▶ **TO DO**
Every line below must come back exactly as it stands, with the images omitted.

▶ **SUPPLIED DATA**
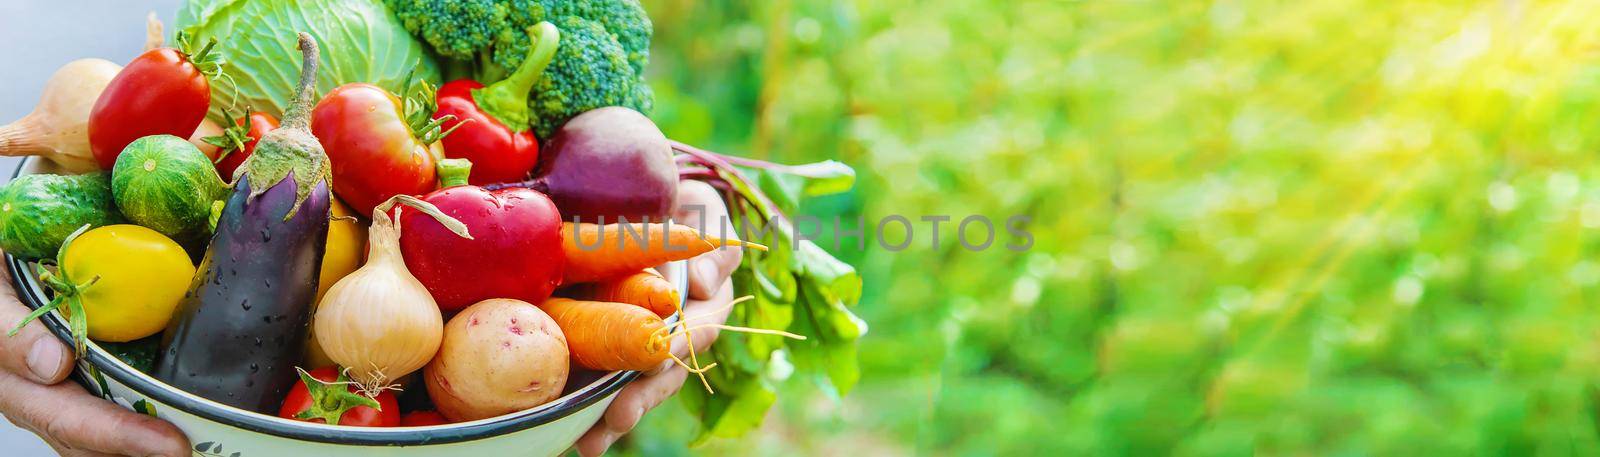 Man farmer with homemade vegetables in his hands. Selective focus. nature.
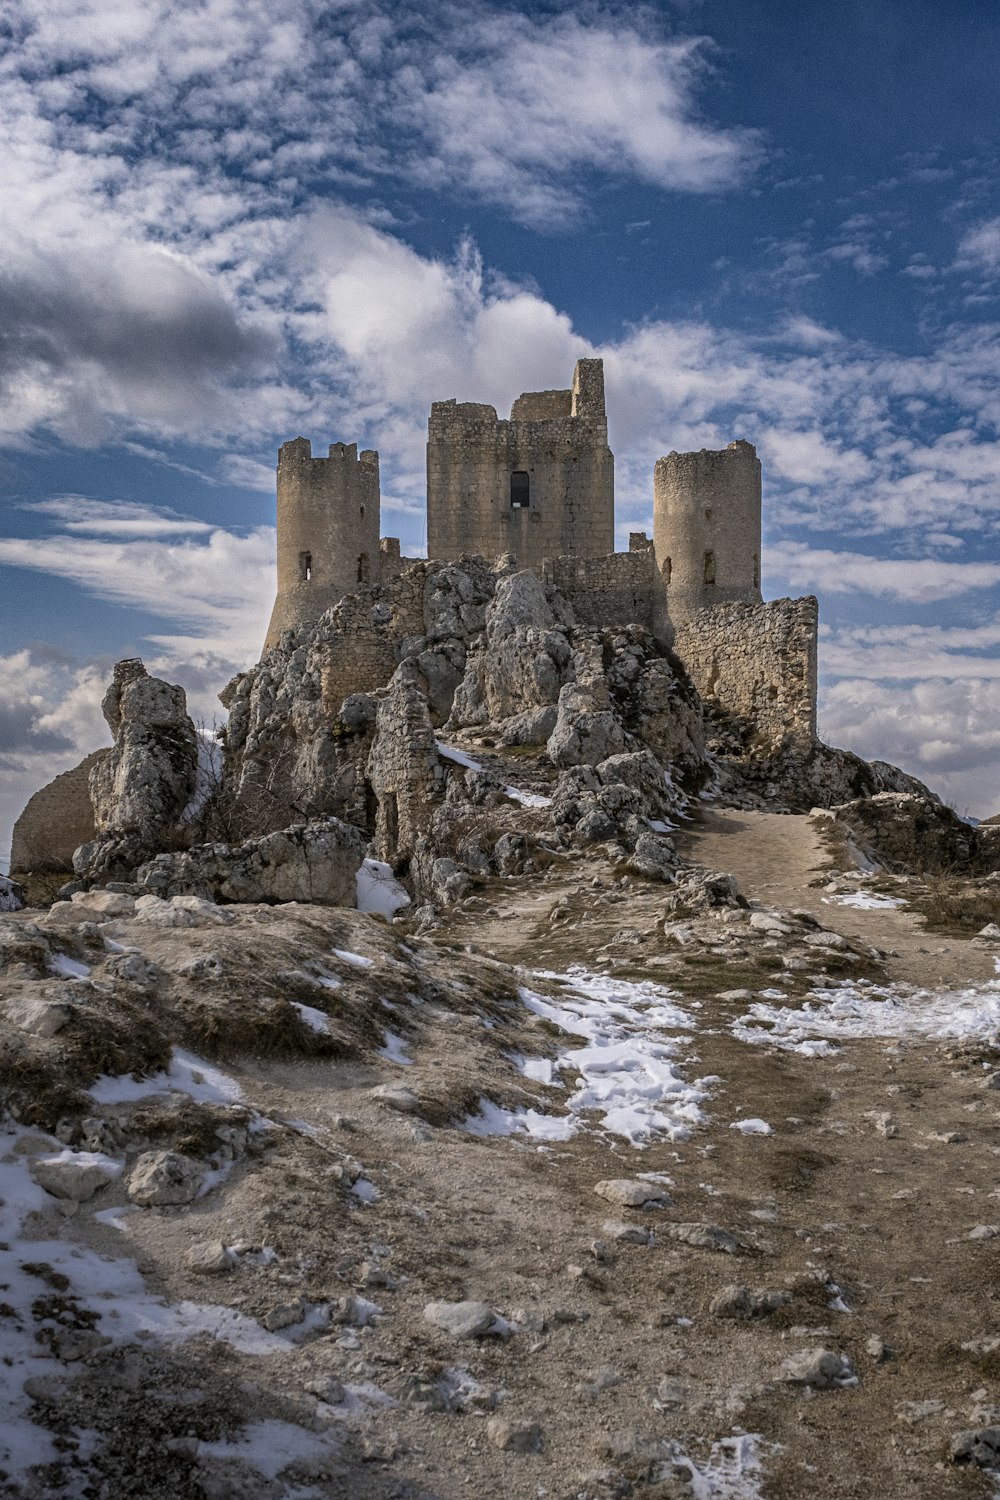 a castle sitting on top of a rocky hill
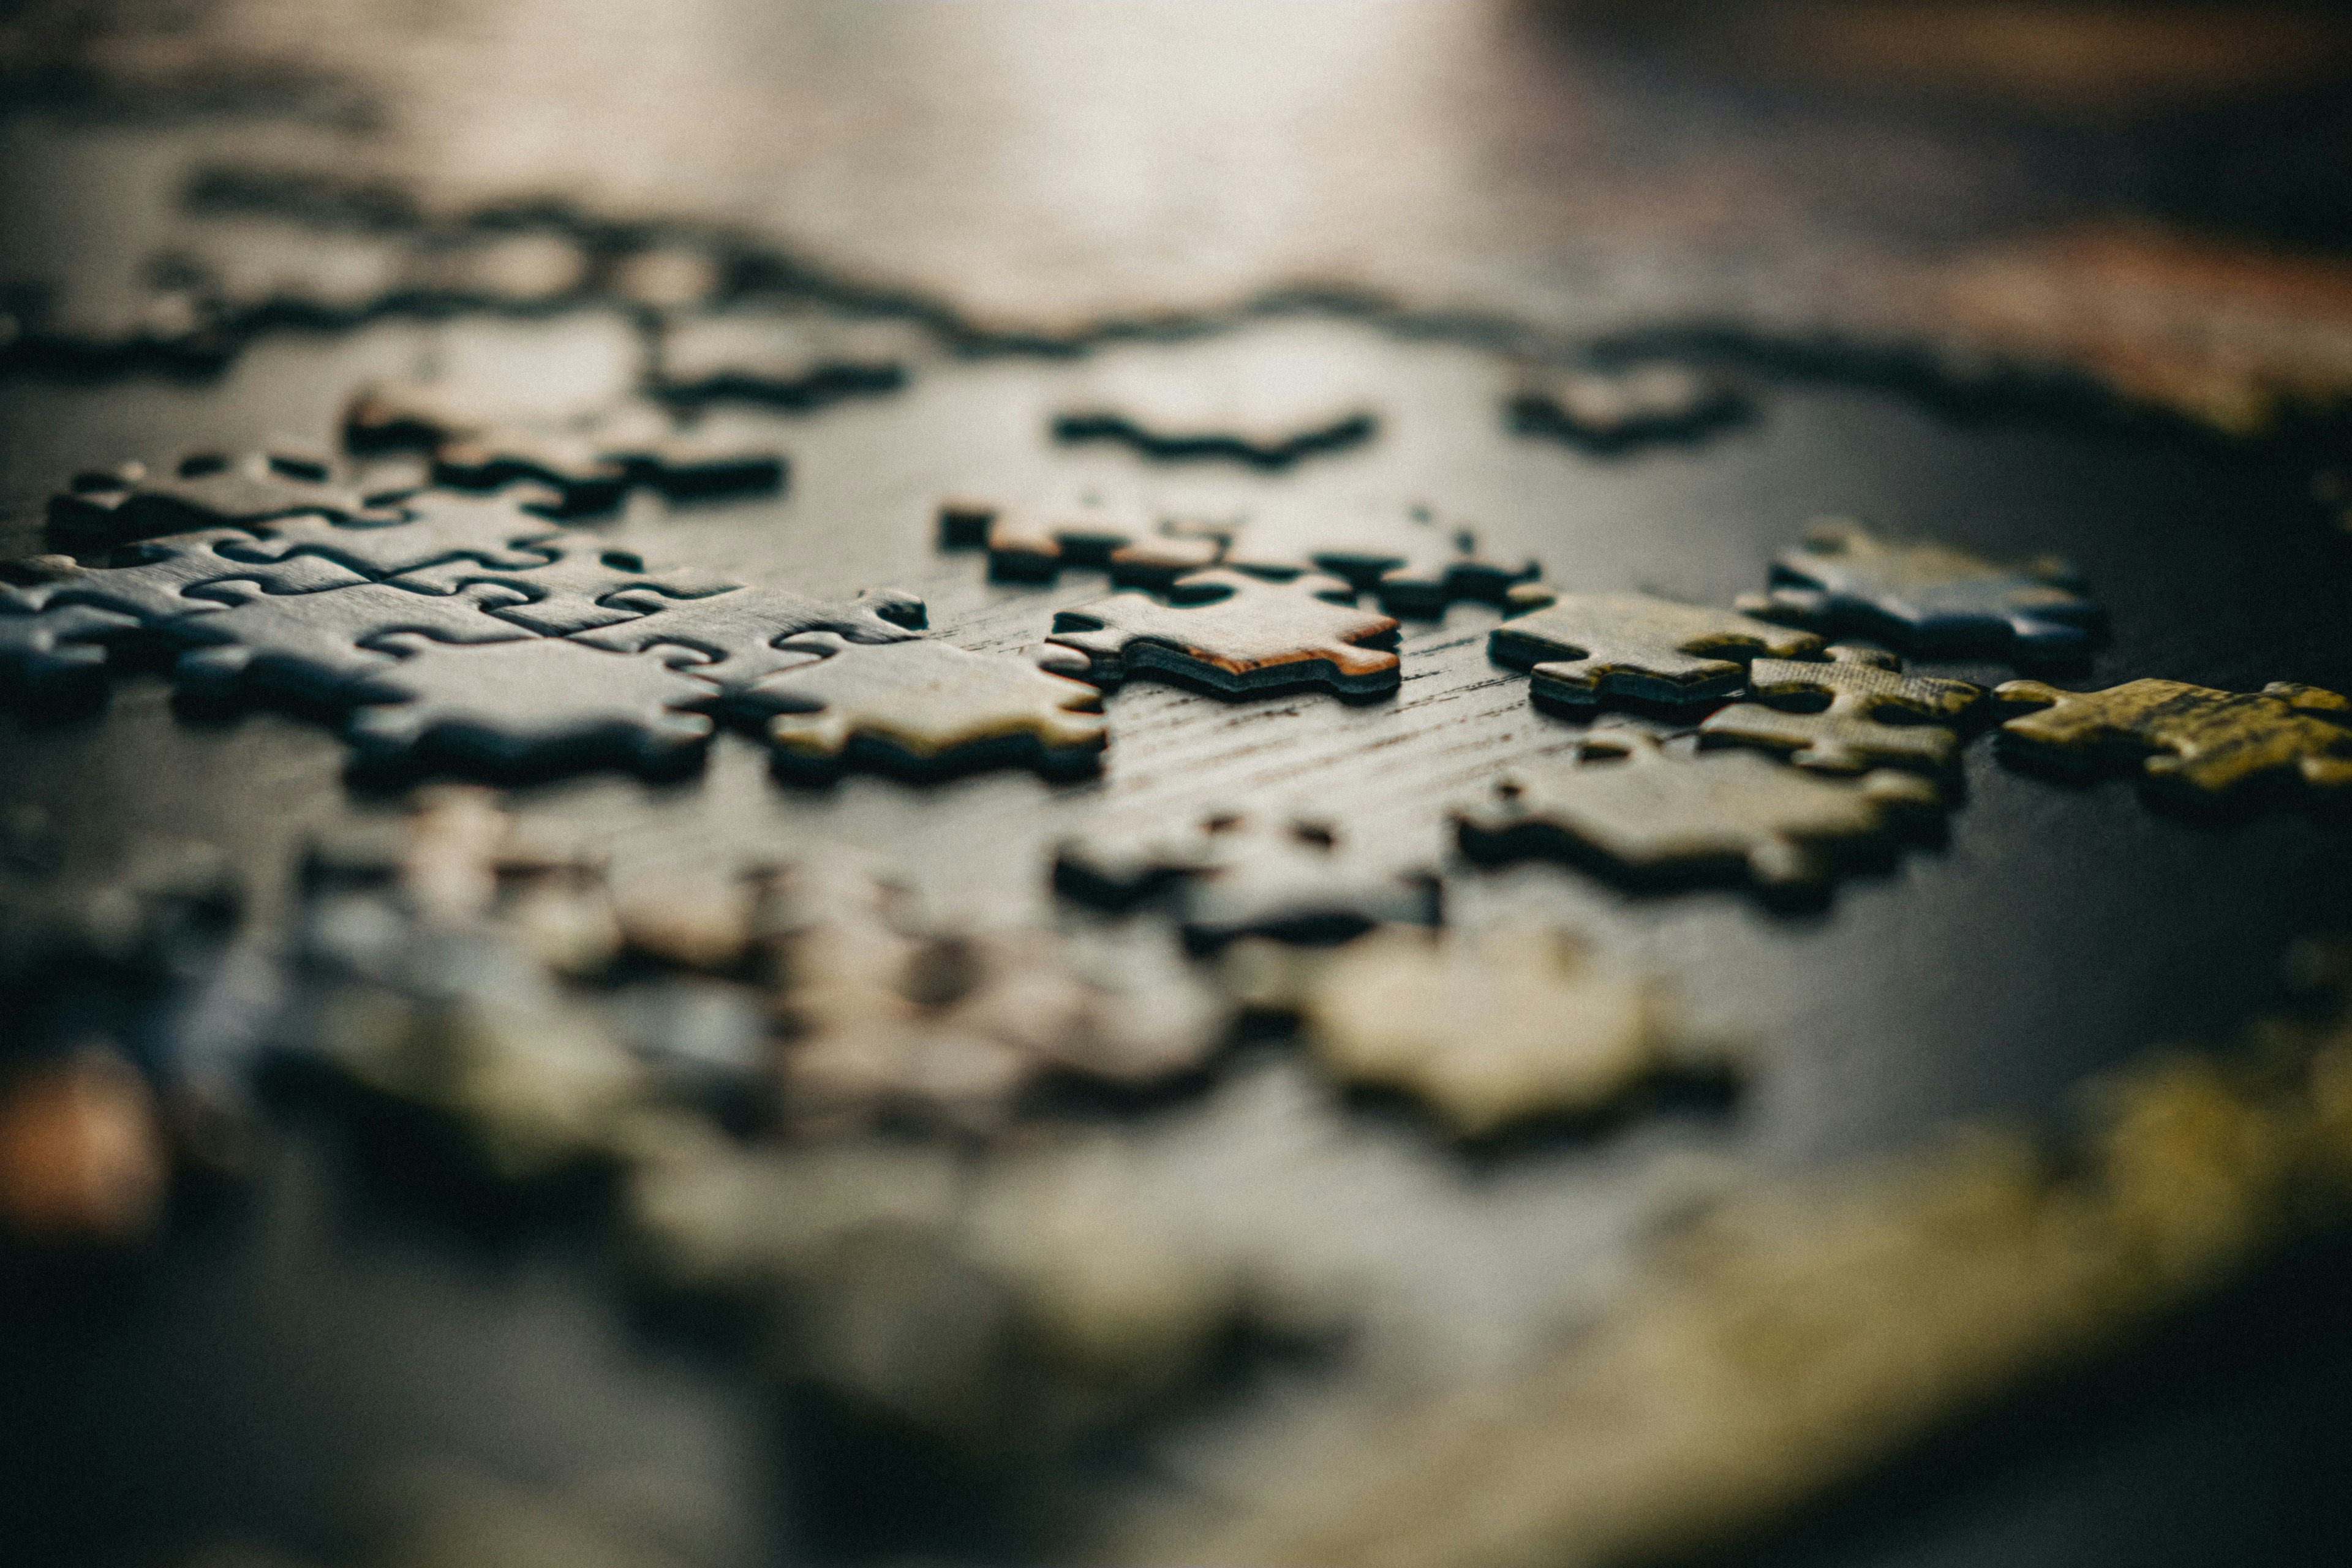 A close-up photo of mixed jigsaw puzzle pieces.

▶ **OUTPUT**
 Man farmer with homemade vegetables in his hands. Selective focus. nature.
 a castle sitting on top of a rocky hill
 A close-up photo of mixed jigsaw puzzle pieces.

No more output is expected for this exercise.